Chatterbox

The Invisible Bush Cabinet

Why no one knows who the commerce secretary is.

Quick: Who is the secretary of housing and urban development? Too hard? All right, then. Who’s the secretary of labor? How about the secretary of energy? Or the director of the White House Office of National Drug Control Policy? He isn’t a member of Bush’s Cabinet, but he enjoys Cabinet rank. Not even Chatterbox, who is paid to know these things, could have told you the drug czar’s name without looking it up. (For a complete cheat sheet, click here.)

As presidencies near their end, it’s not uncommon for dynamic Cabinet secretaries to be replaced by bland seat-warmers. The forgettable quality to these appointments is nicely illustrated by Slate’s recent need to explain to readers why White House Chief of Staff Andrew Card is addressed as “Secretary Card.” (Answer: He was George H.W. Bush’s transportation secretary during the waning months of his presidency.) But Dubya’s presidency isn’t nearing its end. Nearly half his current term remains, and there’s a fair chance he’ll be granted a second one. Moreover, with the sole exception of Treasury Secretary John Snow, every member of the current Bush Cabinet has been present since the start of Bush’s presidency. This is the Original Broadway Cast, not some touring company. Why do so few people know who these people are?

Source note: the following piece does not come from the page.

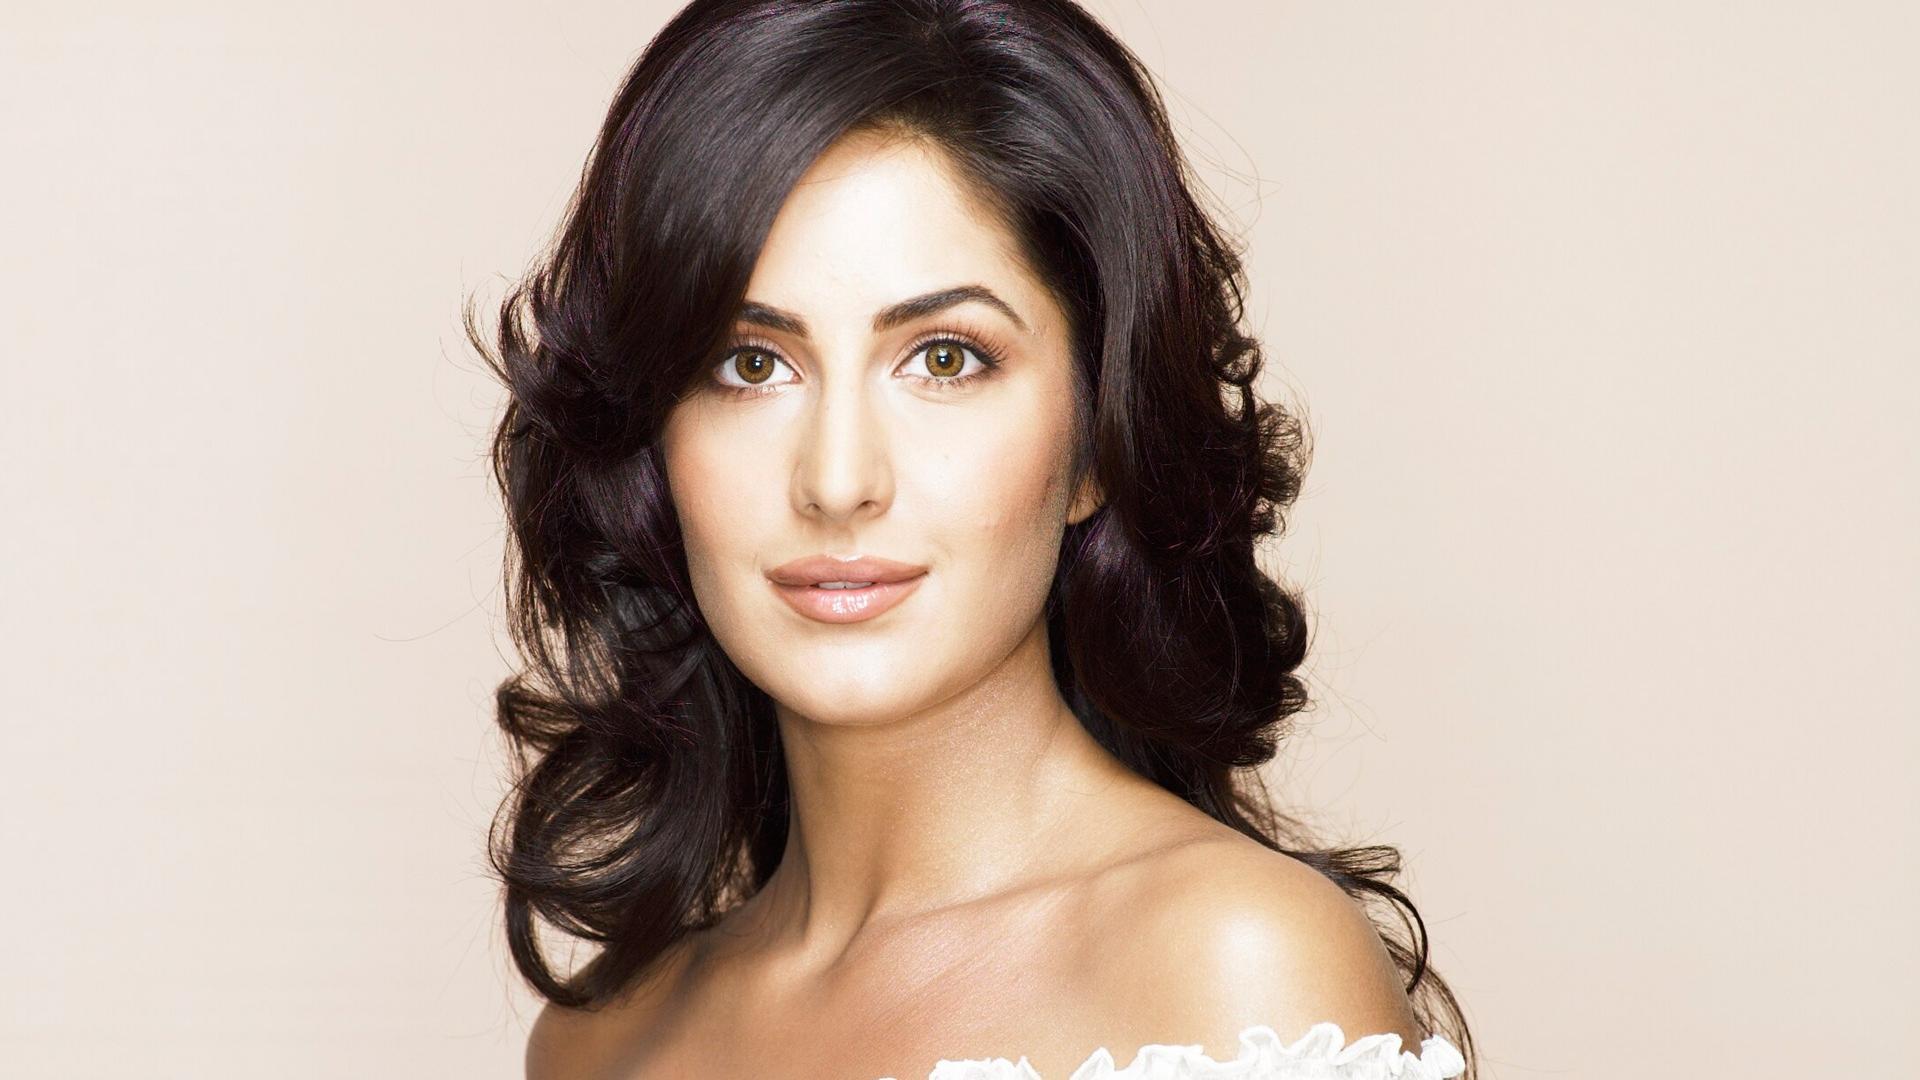 Beauty Picture Memories Katrina Kaif Hd Wallpapers

Chatterbox thinks the Bush Cabinet’s obscurity is well-deserved—not because the individual members lack personal dynamism (we haven’t seen enough of them to know!), but because they have done so little to warrant anybody’s attention. The Bush administration fights wars and it cuts taxes. (That’s why everyone knows who Colin Powell and Donald Rumsfeld are, and it’s why many people know who Snow is, even though he’s been in the saddle less than six months.) But the Bushies do precious little else. The only Bush domestic initiatives that have a chance of being remembered are Bush’s decision to restrict stem-cell research and his “no child left behind” education bill. Oh, sure, he’s saddled budget-strapped states with new responsibilities while reducing federal aid, leaving less money for things like medical care for the poor. And he’s brought back the budget deficit in a big way. But these actions are the result of laziness and indifference, not malice. As such, they really can’t be called policy. Can you name one thing Agriculture Secretary Ann Veneman has done during the past two years? Neither can Chatterbox.

To plumb the shallows of the Bush Cabinet’s fame, Slate intern Avi Zenilman last week stood for an hour in front of the Commerce Department building asking passers-by if they could identify the secretary of commerce. Out of 38 who consented to answer him, only seven could state that it was Don Evans. Six of these seven were Commerce Department employees. A park service ranger and two security guards newly assigned to Commerce were among those who could not name the commerce secretary. “I’m new here,” one of the security guards explained. “I know him when I see him.” A nearby T-shirt vendor said, “The Secretary? Charlie? Tall black guy, right?” (Don Evans is white.)

This was not Main Street, U.S.A. It was Washington, D.C., where cab drivers read the Federal Register. These people couldn’t name Don Evans not because they were ignorant, but because Evans had given them no reason to know his name. The same applies to most of the rest of Bush’s Cabinet.